:: Task directions ::
Leaving out all pictures, write down exactly the lines from the one containing "5 bedroom villa" through the last line of the material.

:: Raw data ::
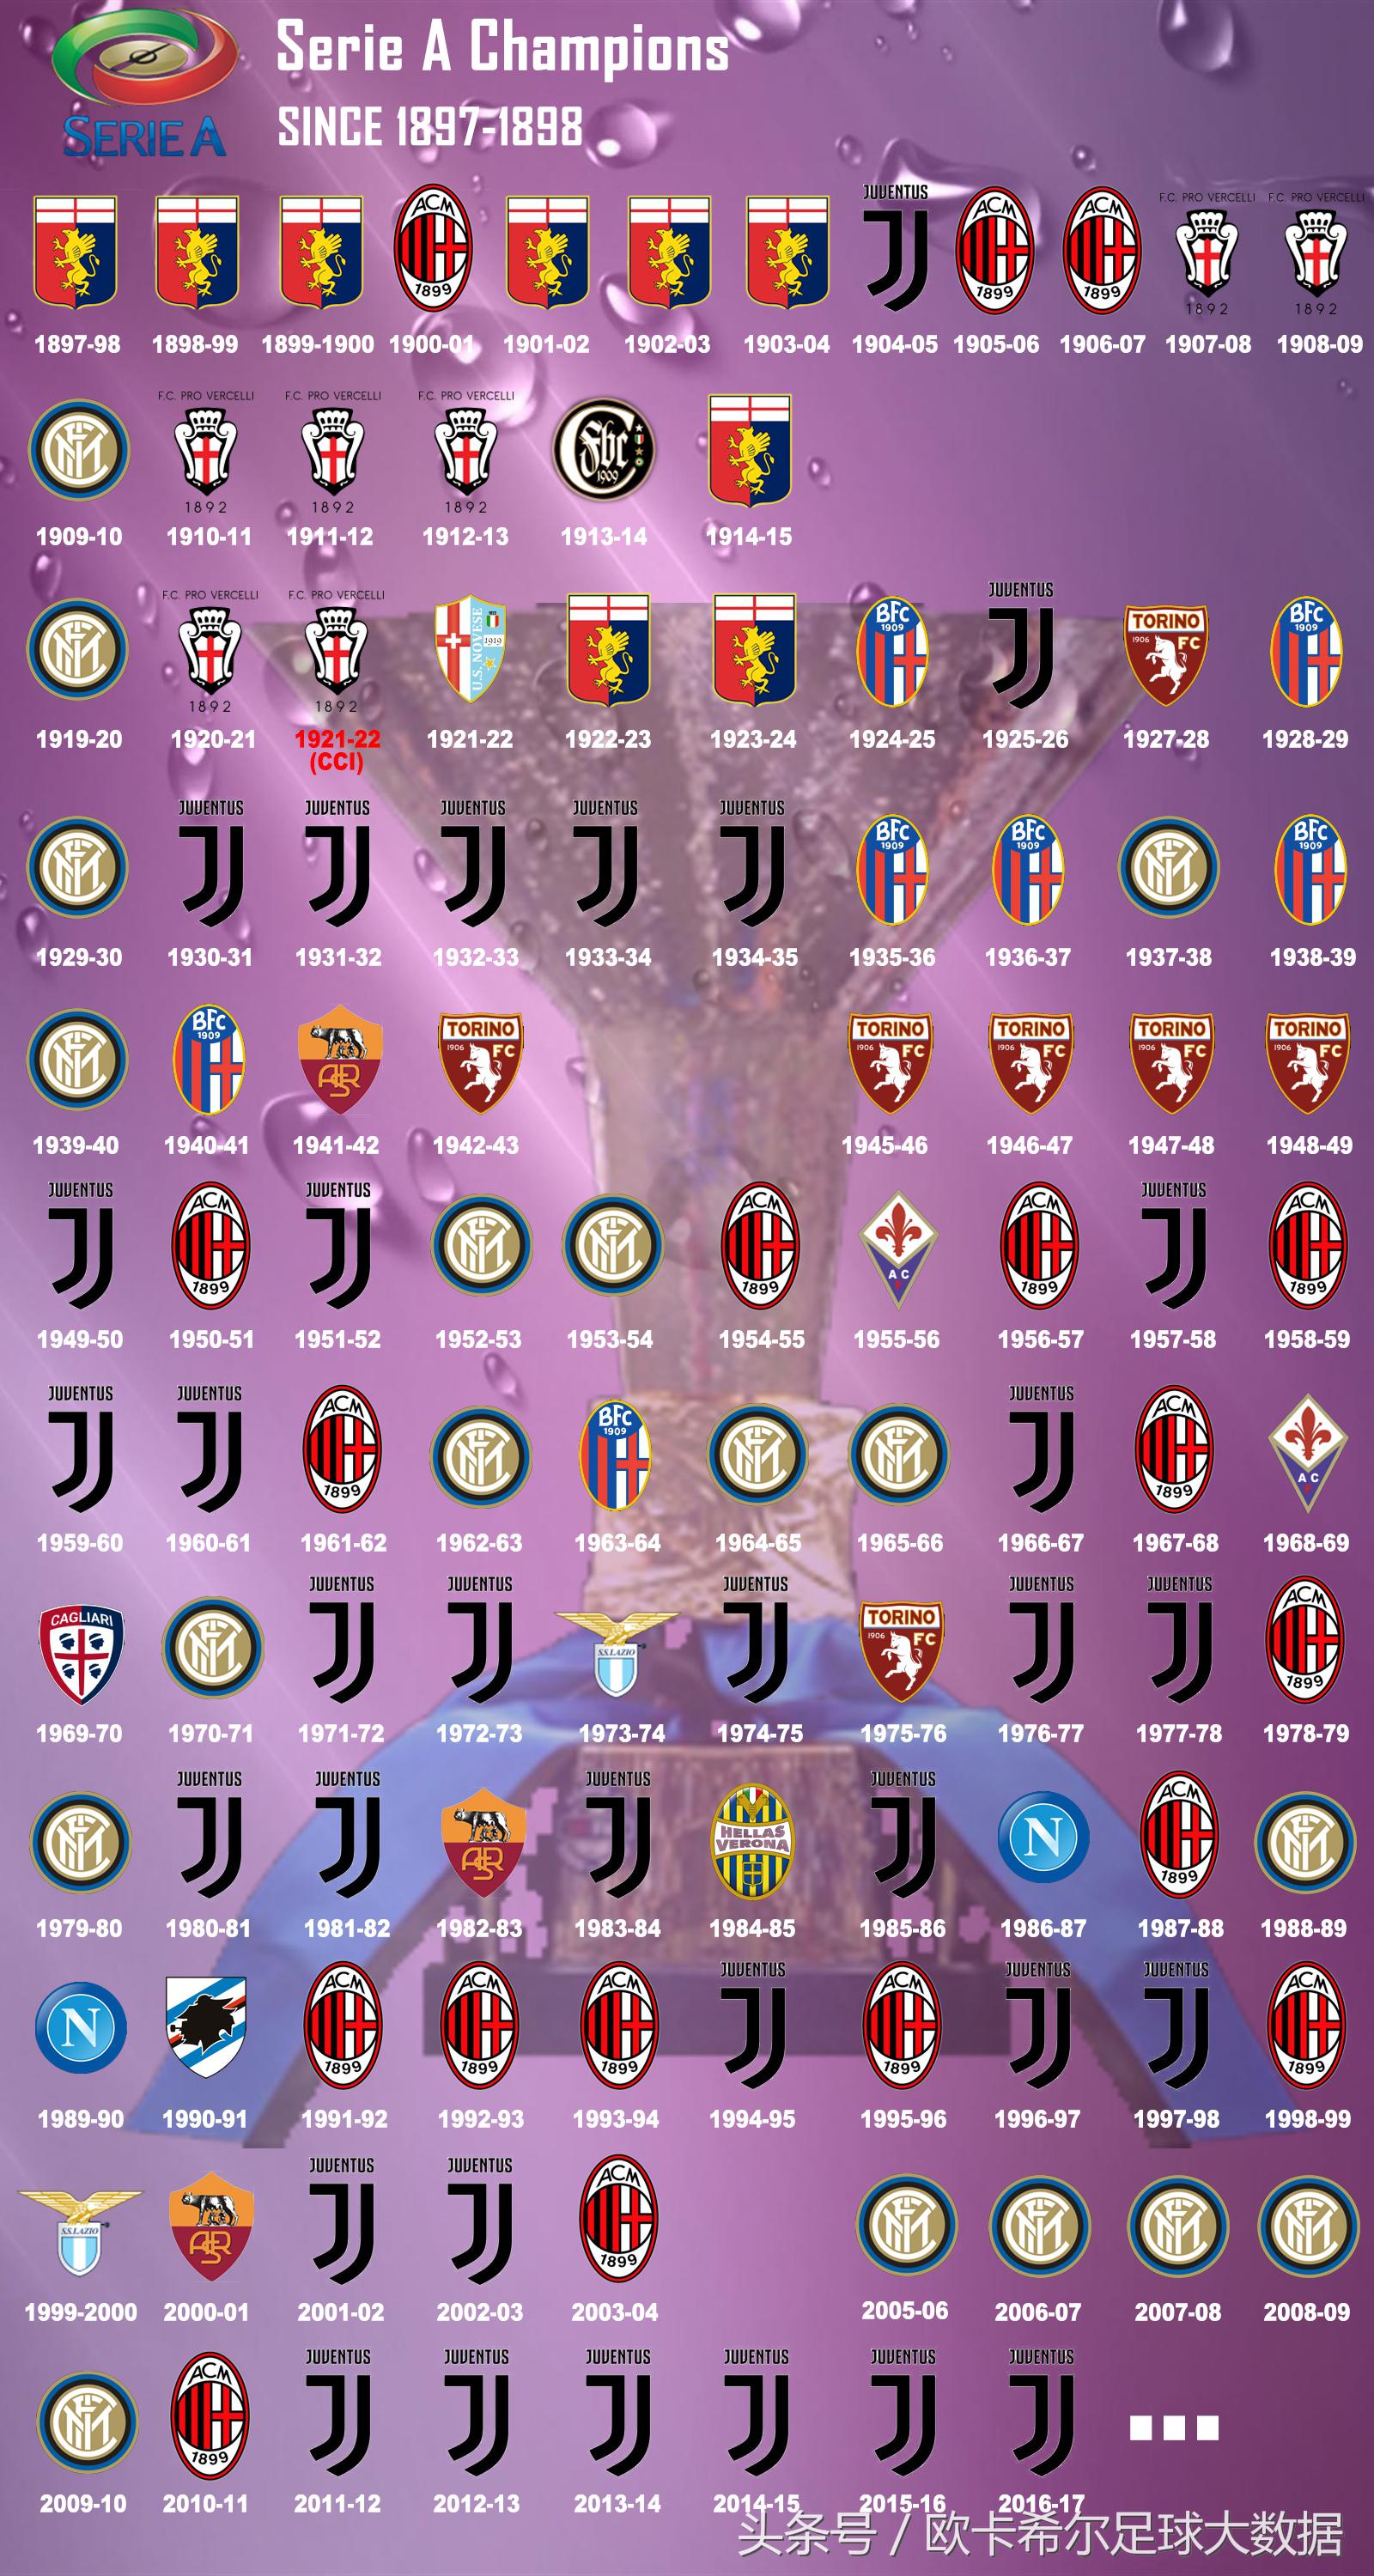 意甲一年几个赛季 一张图看懂意甲联赛历年冠军(2)
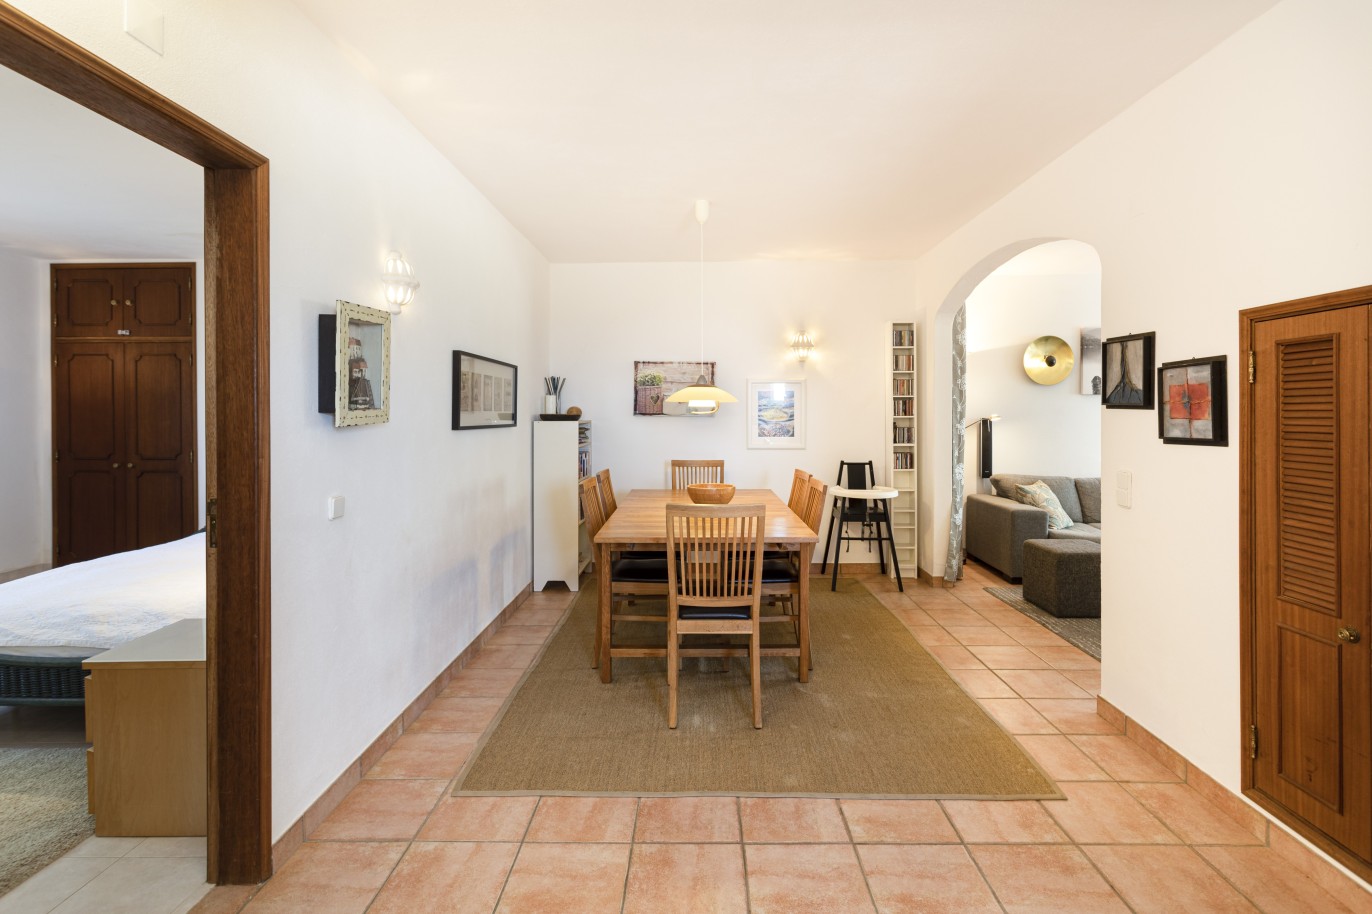 5 bedroom villa with pool and sea view, for sale in Estoi, Algarve_230482
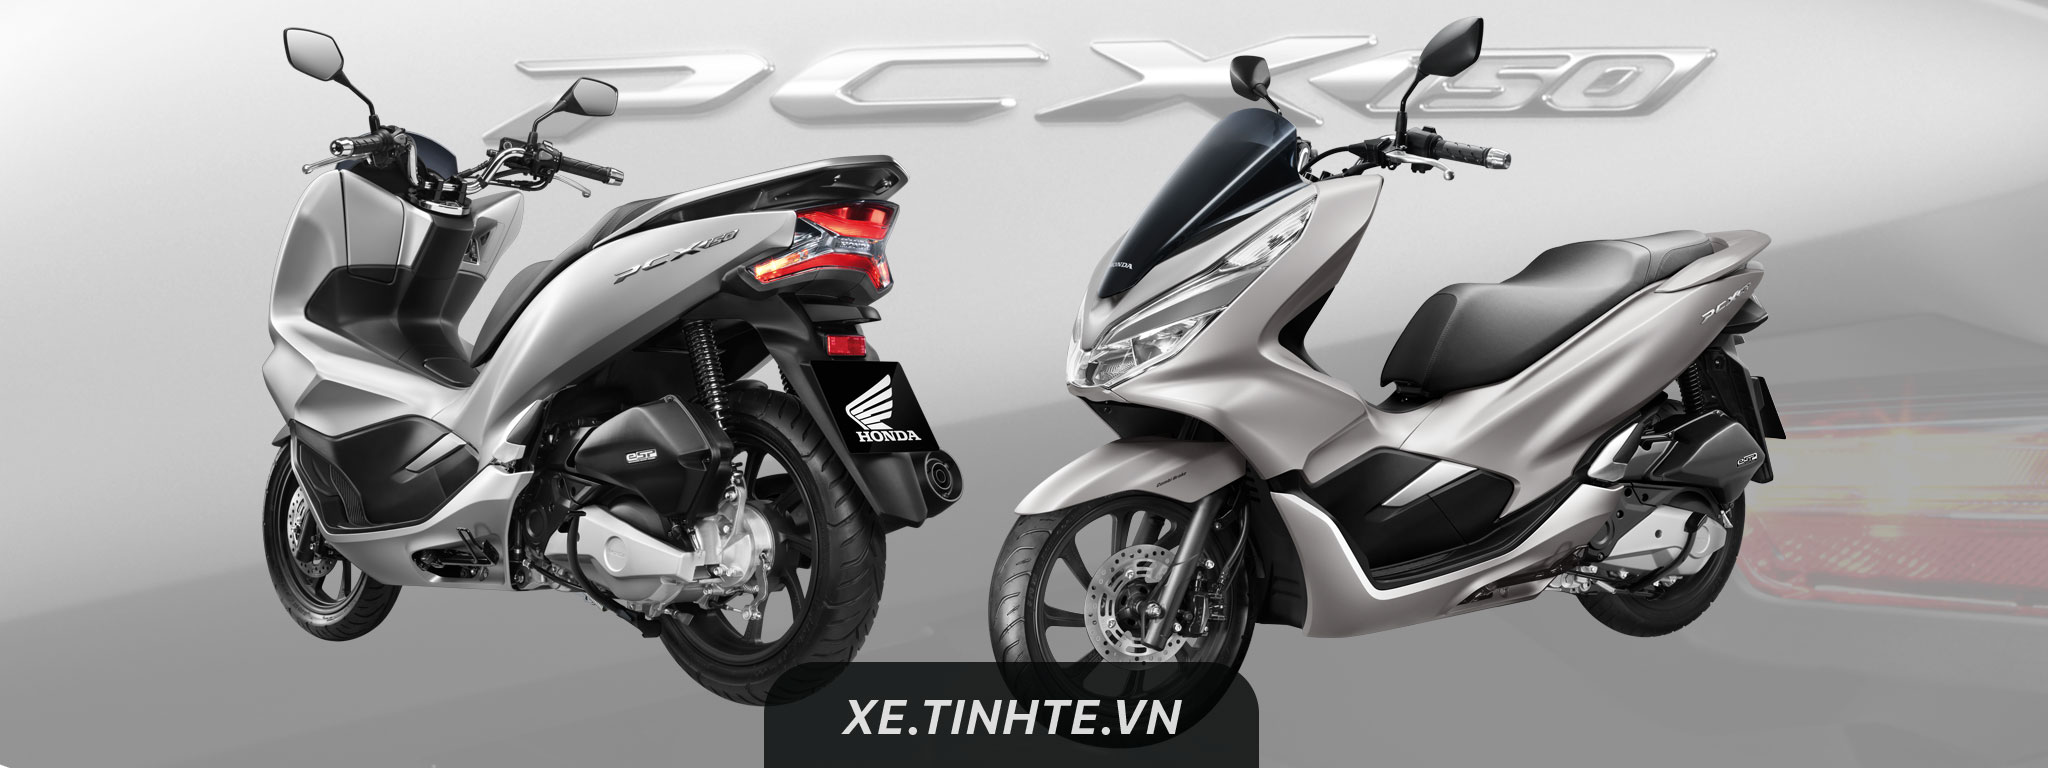 Honda Việt Nam phân phối PCX 2018 từ ngày 15/01/2018, thêm bản 150cc, chưa có giá bán
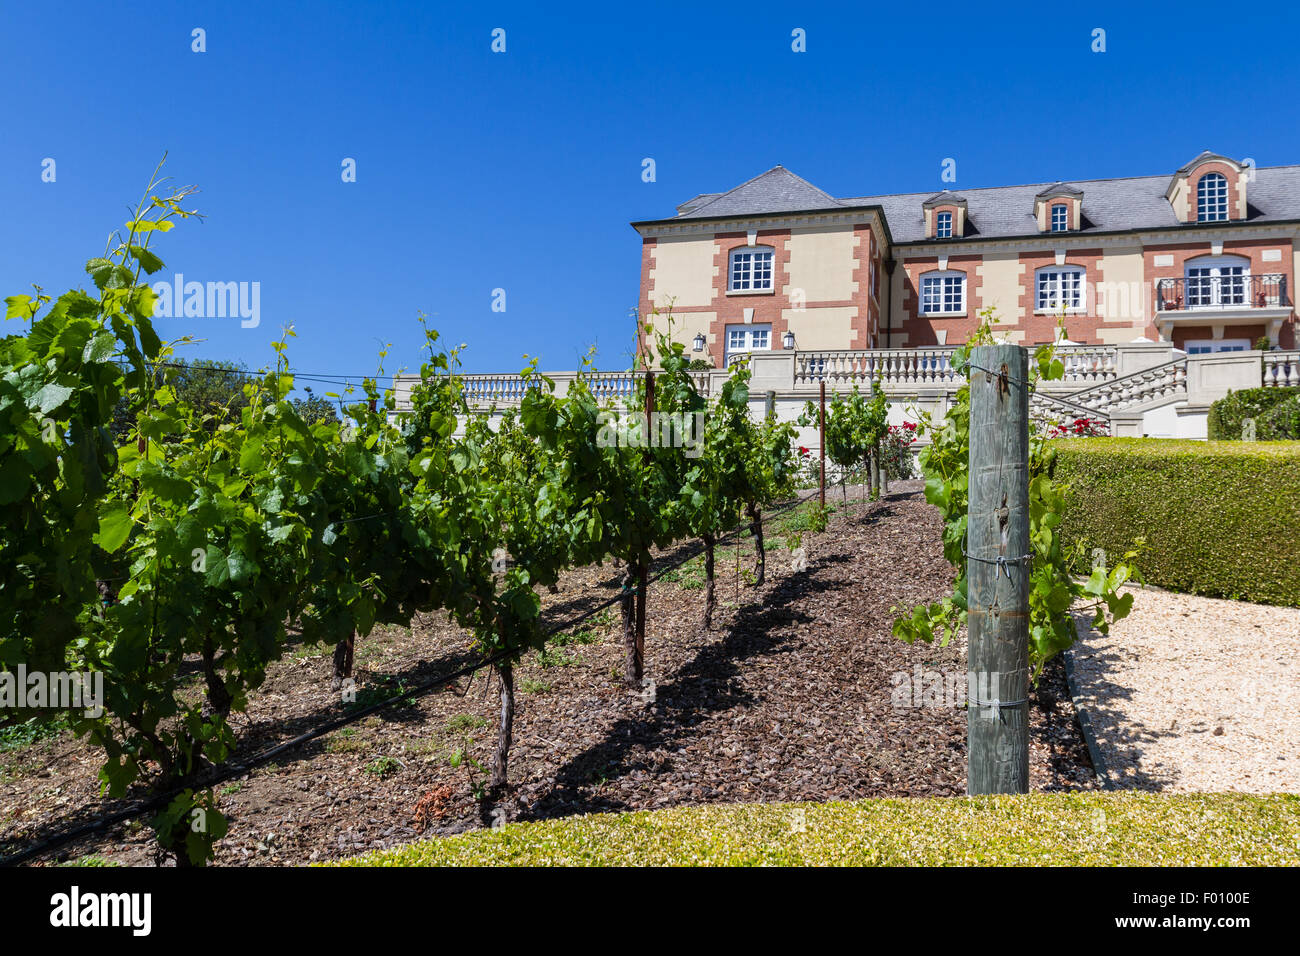 Napa Valley, California - 12 Maggio :bel castello Domaine Carneros un luogo per degustare ottimi vini, 12 maggio 2015 Napa Valley, Cali Foto Stock

:: Solution for this exercise ::
 5 bedroom villa with pool and sea view, for sale in Estoi, Algarve_230482
 Honda Việt Nam phân phối PCX 2018 từ ngày 15/01/2018, thêm bản 150cc, chưa có giá bán
 Napa Valley, California - 12 Maggio :bel castello Domaine Carneros un luogo per degustare ottimi vini, 12 maggio 2015 Napa Valley, Cali Foto Stock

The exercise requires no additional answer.